■ **THE DATA**:
^^^^
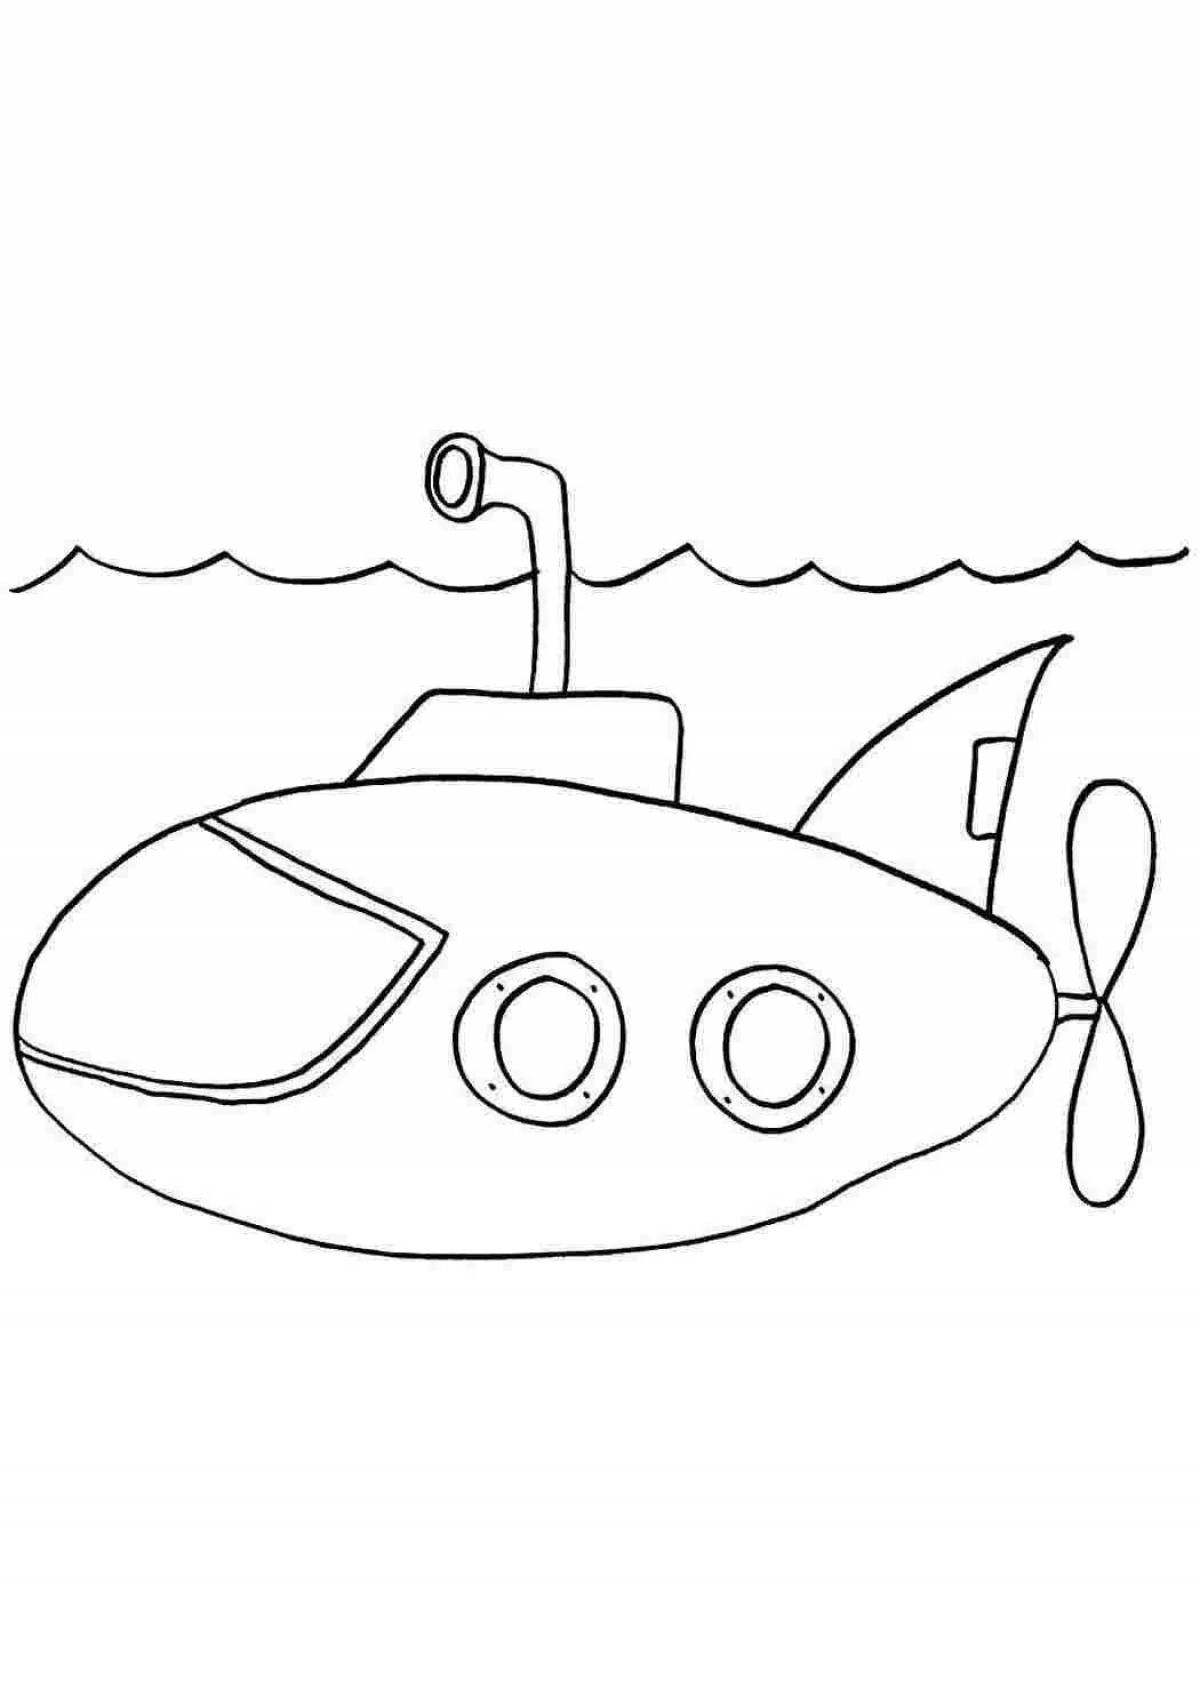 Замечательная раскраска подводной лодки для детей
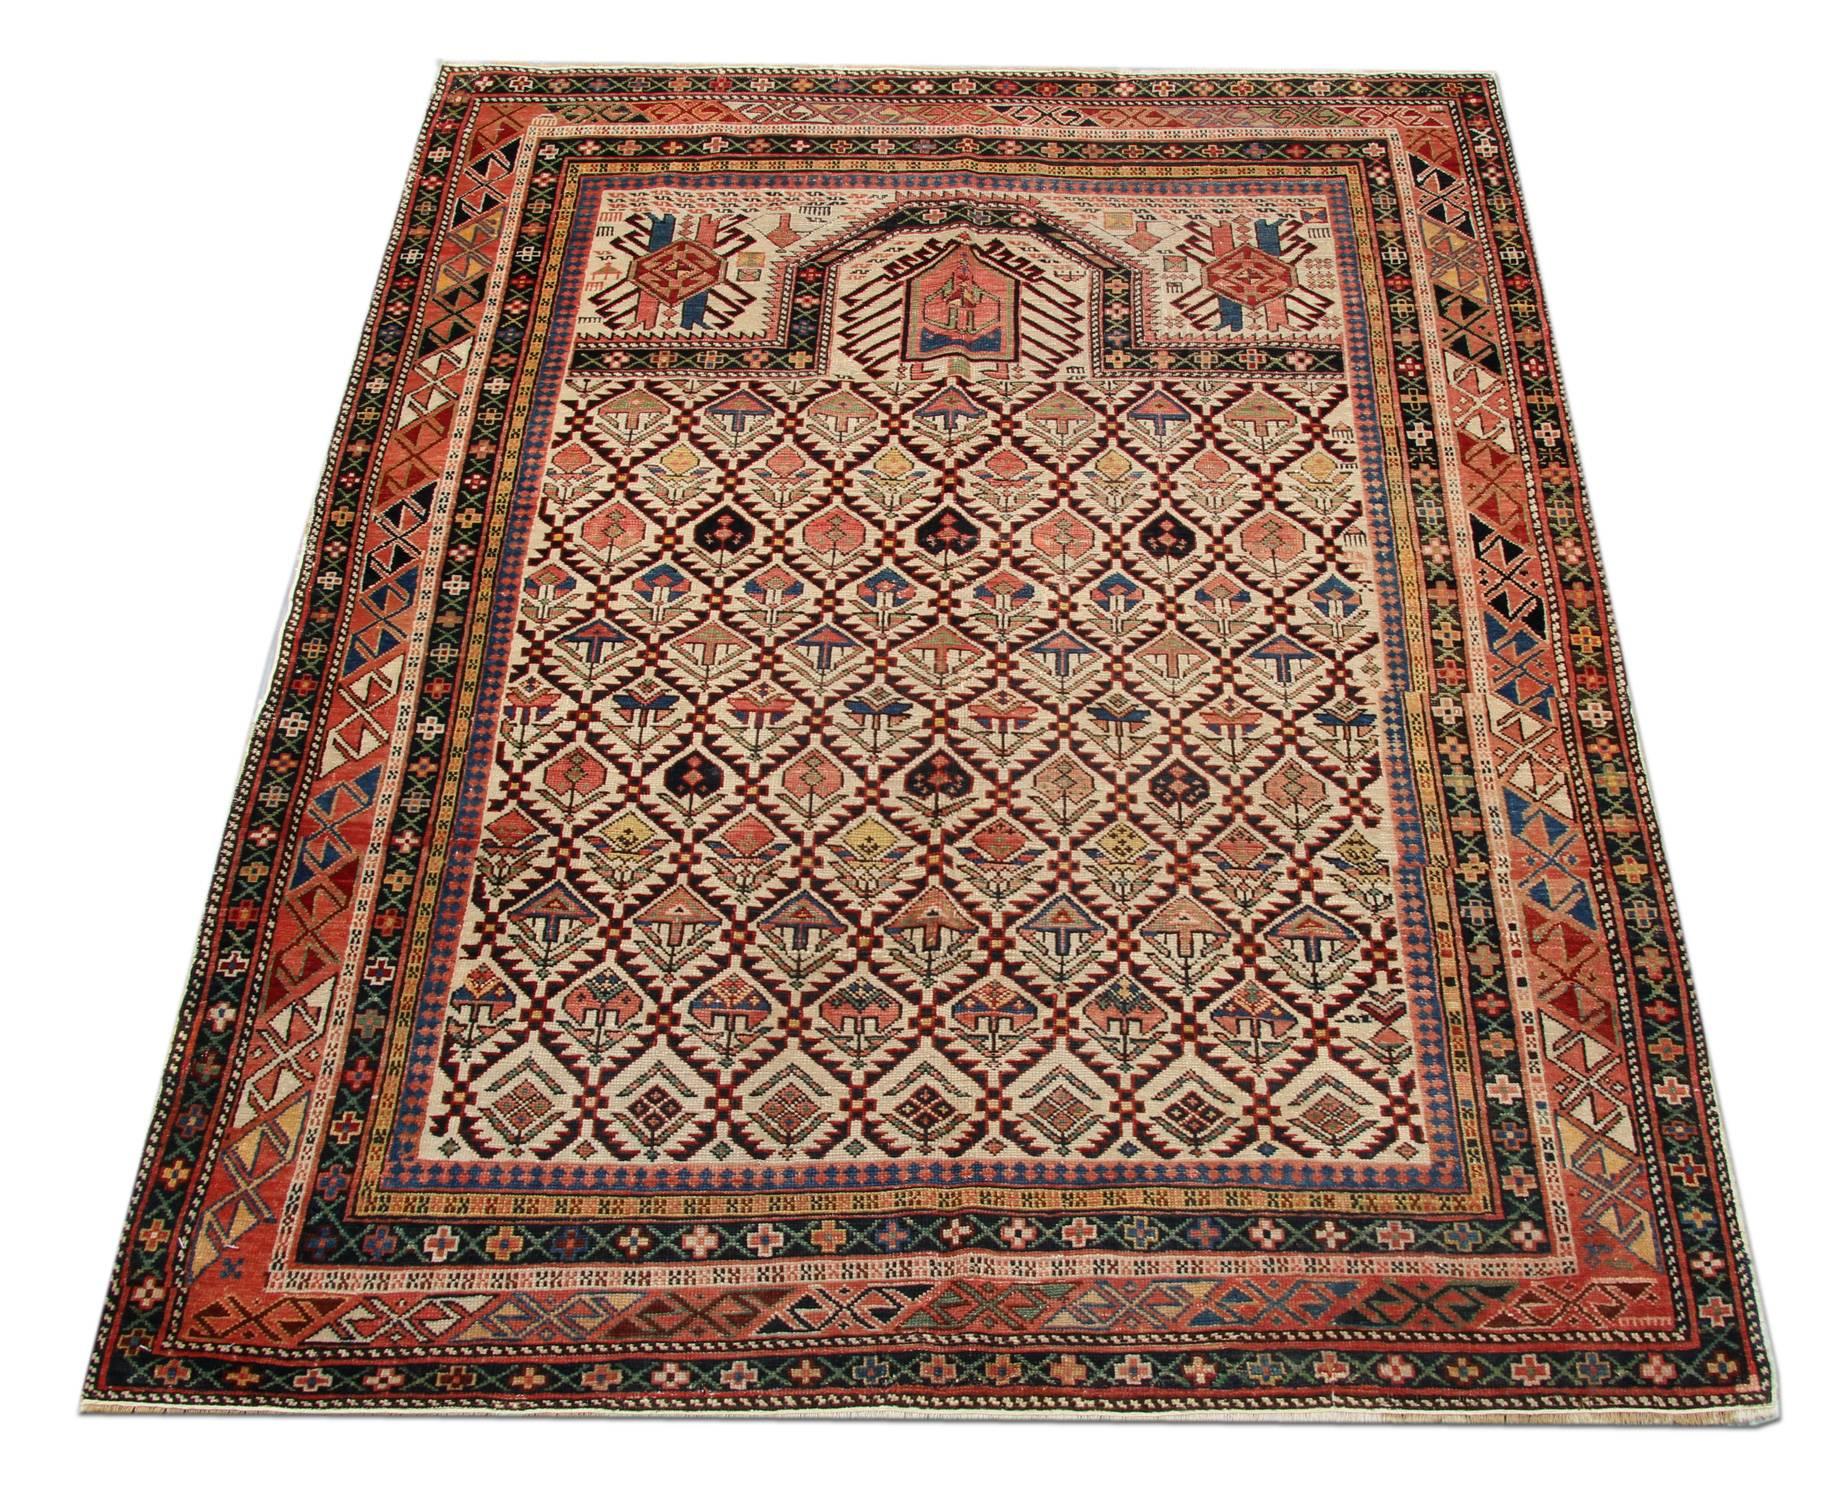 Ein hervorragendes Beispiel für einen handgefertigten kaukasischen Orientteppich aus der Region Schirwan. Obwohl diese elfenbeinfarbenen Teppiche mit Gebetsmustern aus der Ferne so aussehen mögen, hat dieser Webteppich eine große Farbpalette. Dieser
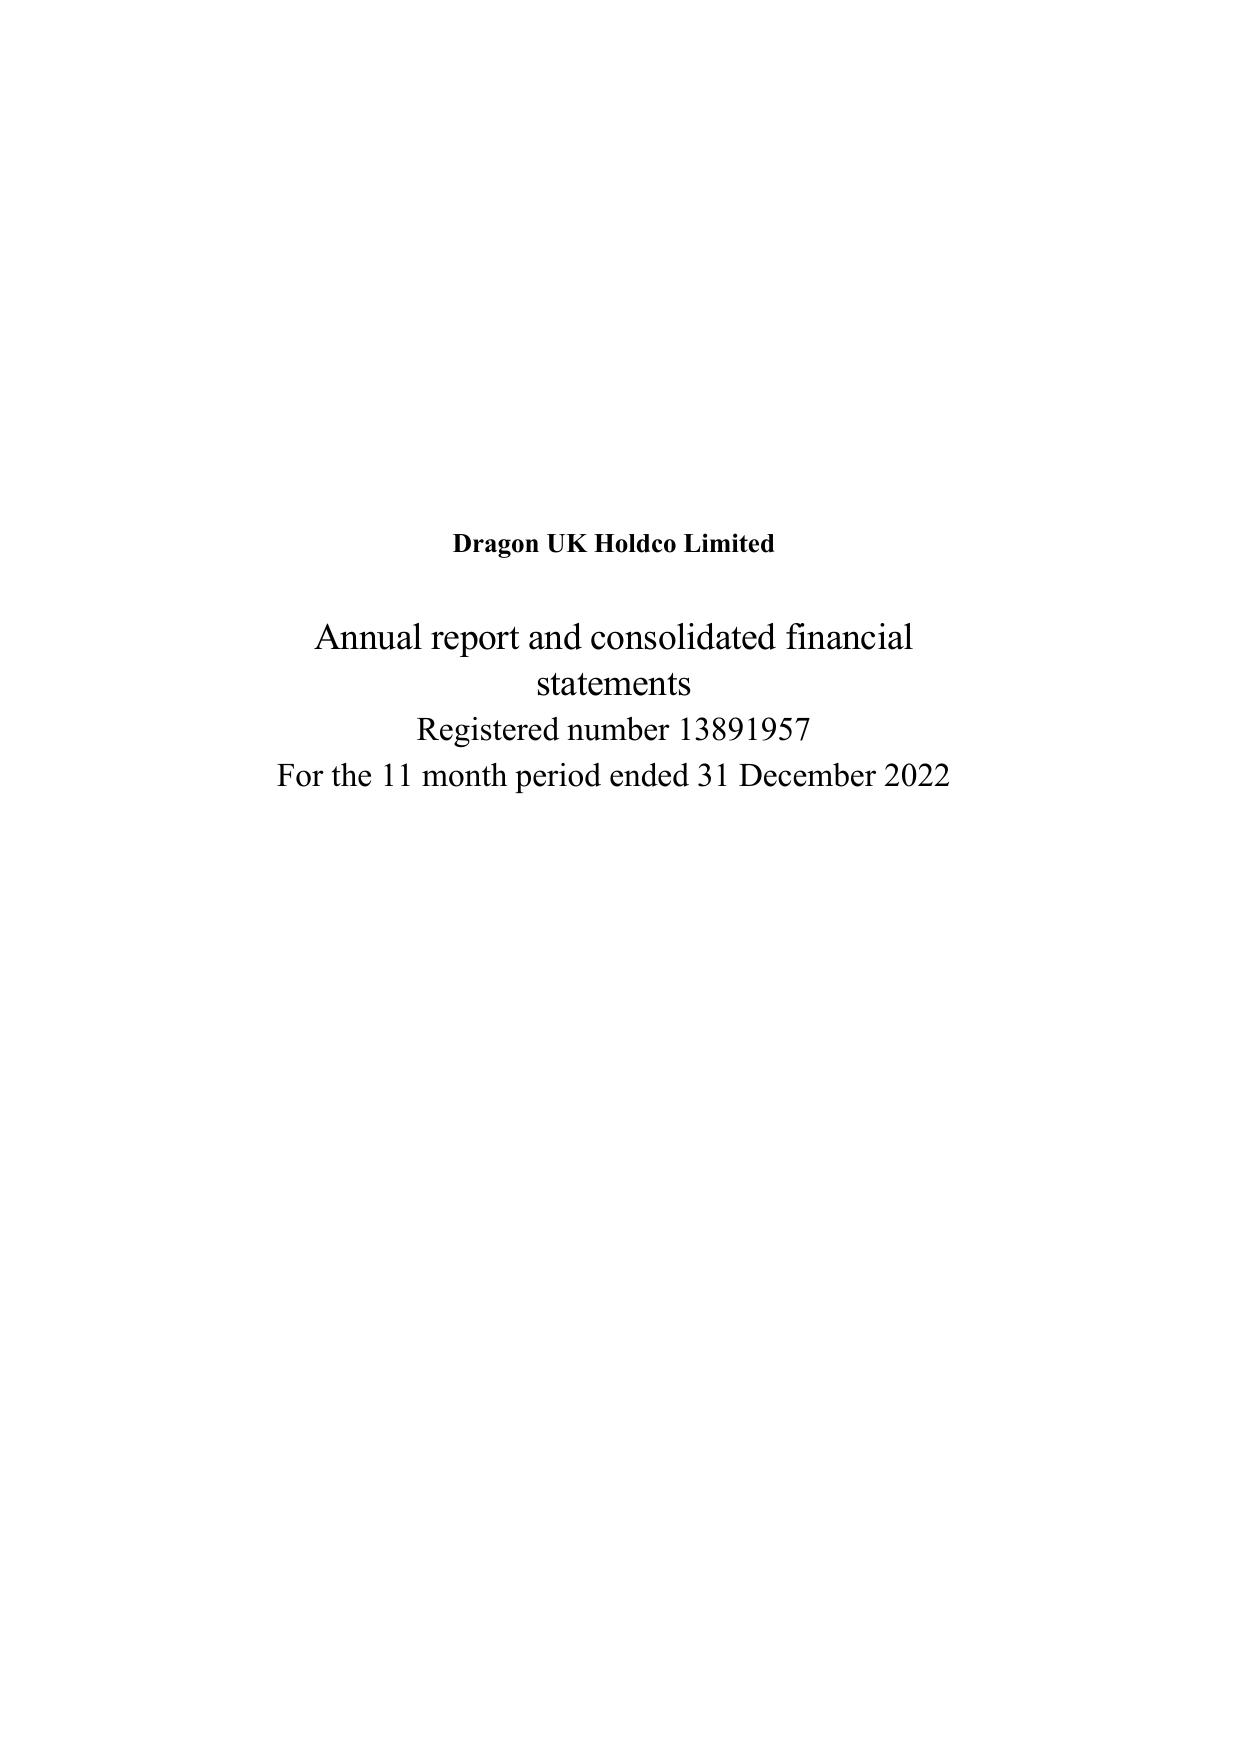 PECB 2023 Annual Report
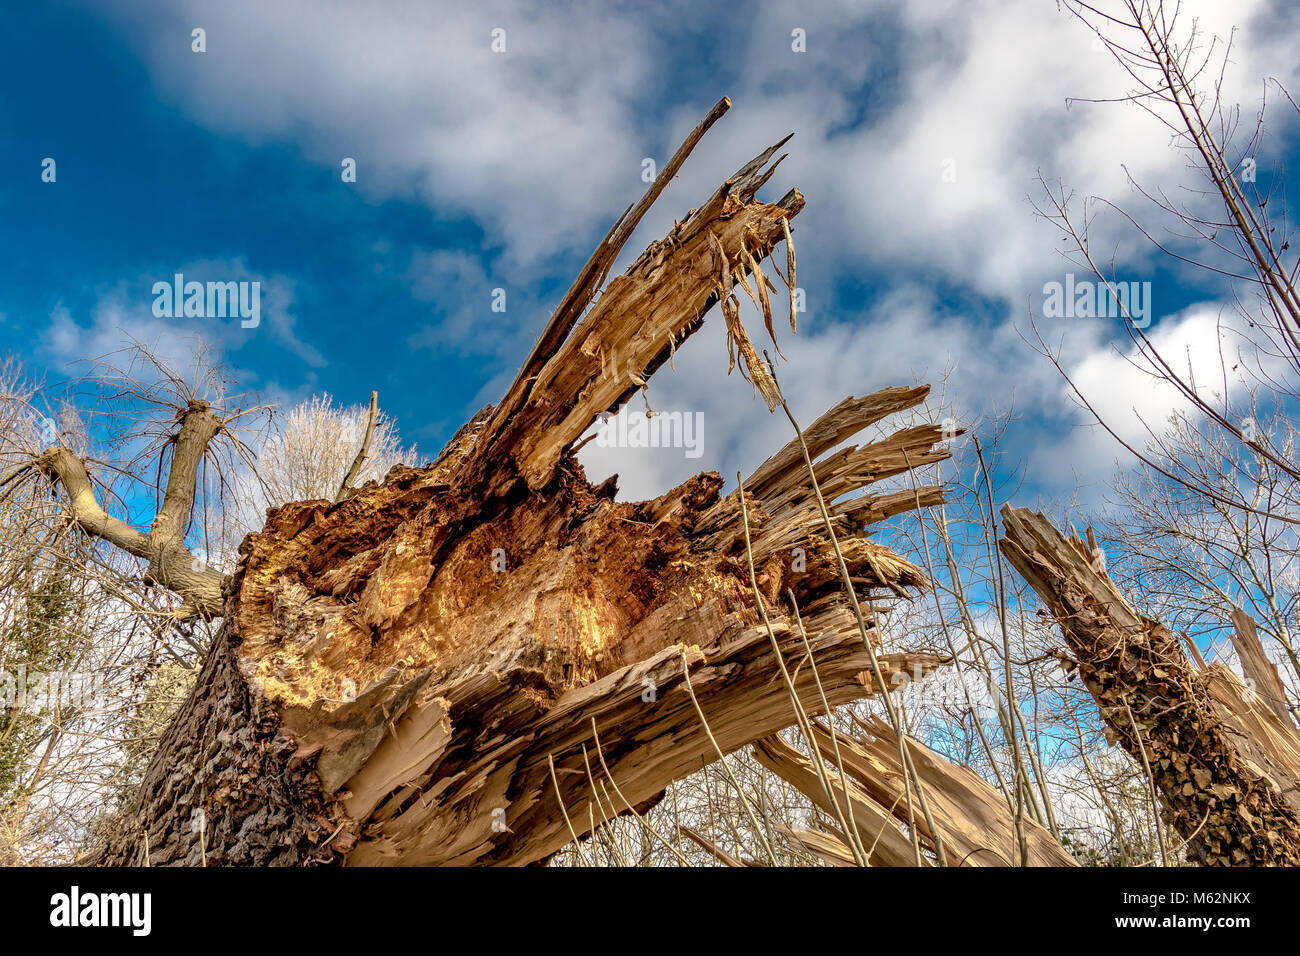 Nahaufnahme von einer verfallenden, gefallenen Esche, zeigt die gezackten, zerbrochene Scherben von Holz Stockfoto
^^^^
■ **YOUR GOAL**: Any picture in the listing is to be omitted. Return exactly the lines from the one containing "PECB 2023 Annual Report" through its last line, both included, and only those.

■ **ANSWER SECTION**:
 PECB 2023 Annual Report
 Nahaufnahme von einer verfallenden, gefallenen Esche, zeigt die gezackten, zerbrochene Scherben von Holz Stockfoto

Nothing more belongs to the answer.